For immediate relief, European dermatology guidelines recommend a few practical steps. Keep your bedroom cool at night, since warmth intensifies itch. Apply a fragrance-free moisturizer right after showering, when skin is still slightly damp. Limit baths and showers to 20 minutes with lukewarm water, and use mild, unscented soap only where you actually need it (underarms, groin) rather than lathering your entire body. Cool wraps or a washcloth from the refrigerator placed on itchy areas can interrupt the itch-scratch cycle.
Over-the-counter antihistamines and low-strength topical corticosteroid creams can help with short-term flares. For fungal infections, antifungal creams applied to the affected area typically clear things up within a couple of weeks, though you may need a prescription-strength version if over-the-counter options don’t work.

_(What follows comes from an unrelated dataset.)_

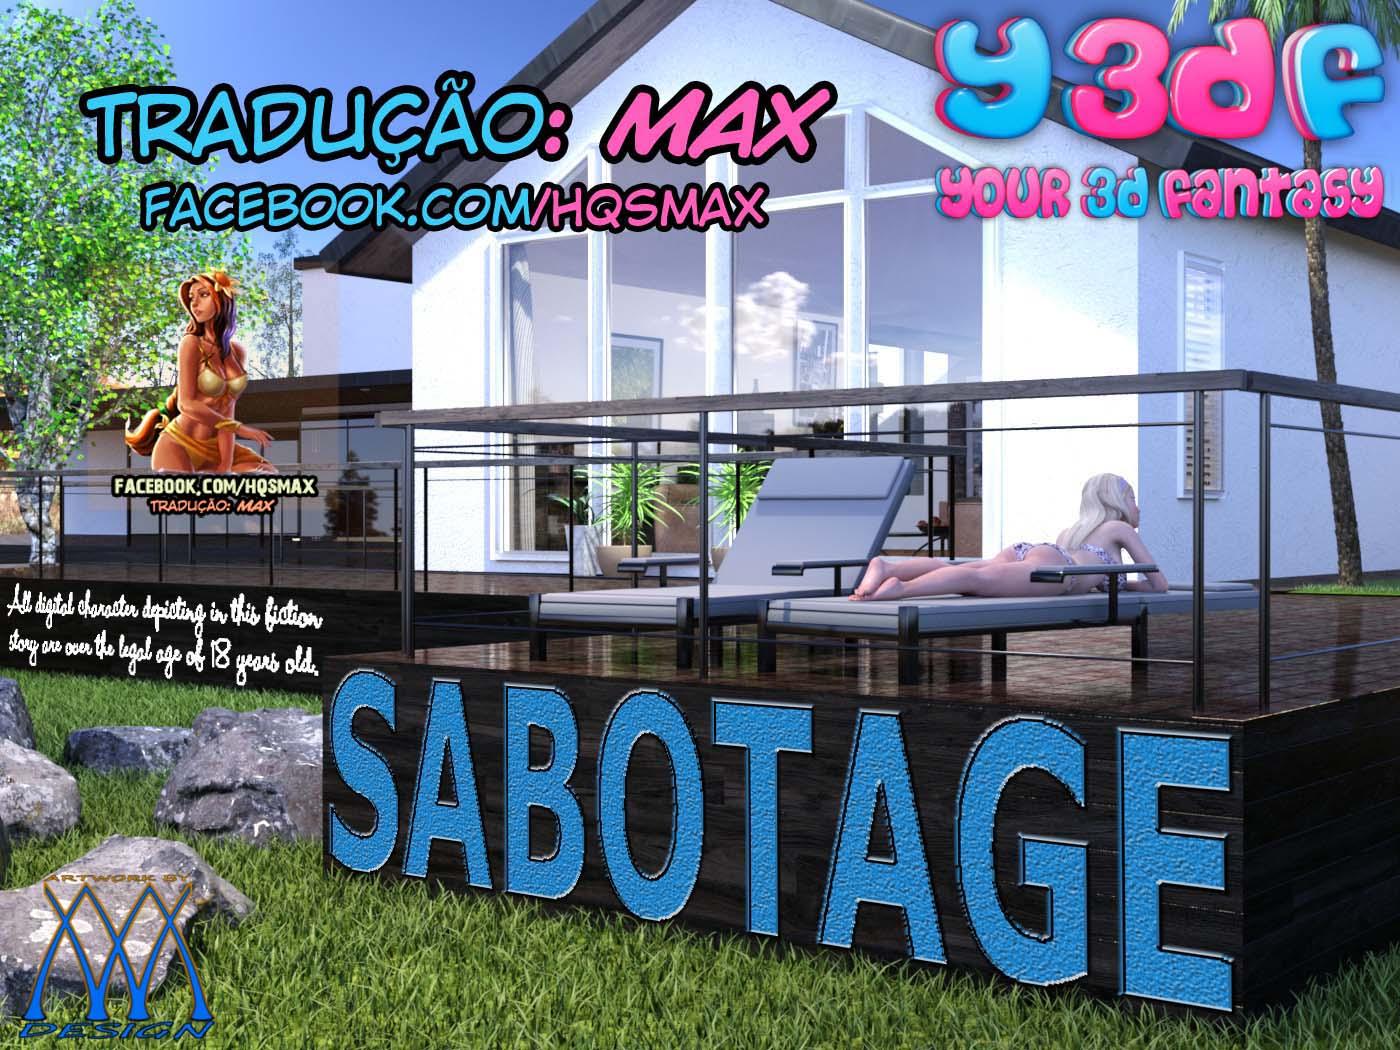 Sabotage-1
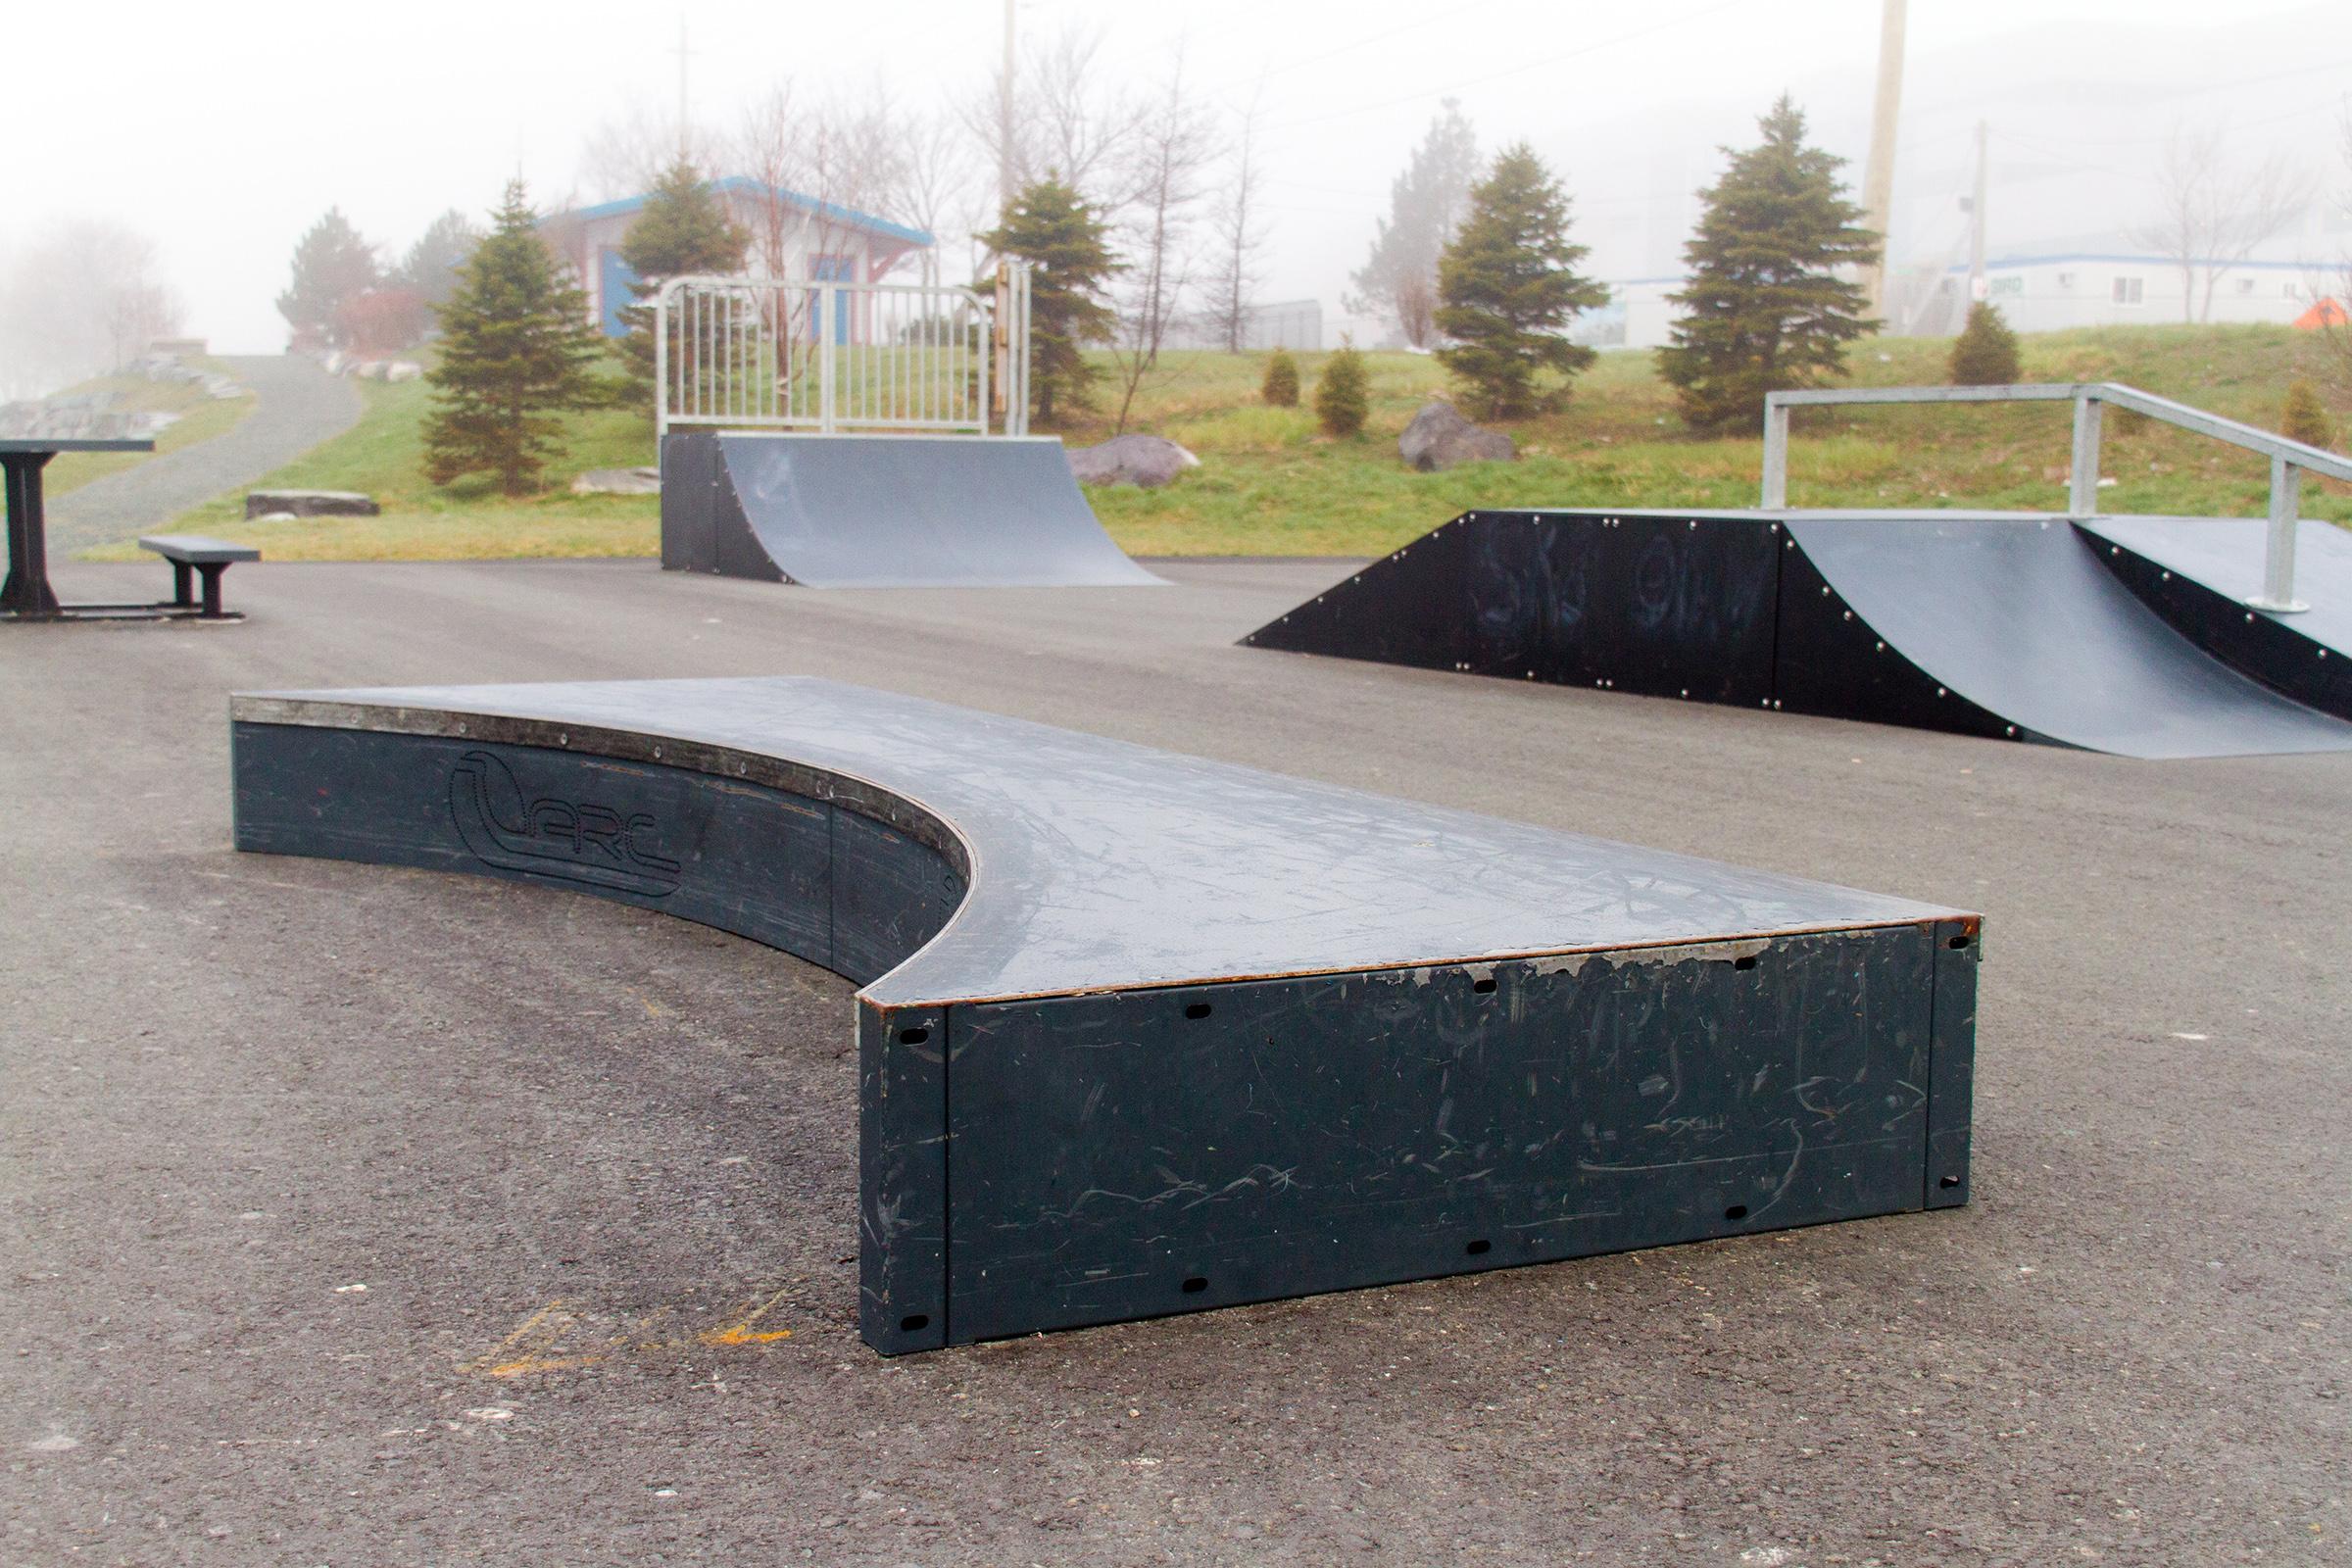 Skateboarding, Skateboard, Skate, Skater, Rollerblading, HQ Photo

Nerve-related itching is harder to manage and sometimes requires medications that calm nerve signaling rather than traditional itch treatments.
When Itching Warrants a Blood Sugar Check
A simple fasting blood sugar test or an A1C test (which reflects your average blood sugar over the past two to three months) can rule diabetes in or out quickly. It’s reasonable to request one if your nighttime itching is persistent, doesn’t respond to moisturizing, and comes with any of the other warning signs listed above. It’s also worth testing if you have risk factors for type 2 diabetes: being over 45, carrying extra weight around your midsection, having a family history of the disease, or being physically inactive. The test is a routine blood draw, and the answer removes a lot of uncertainty.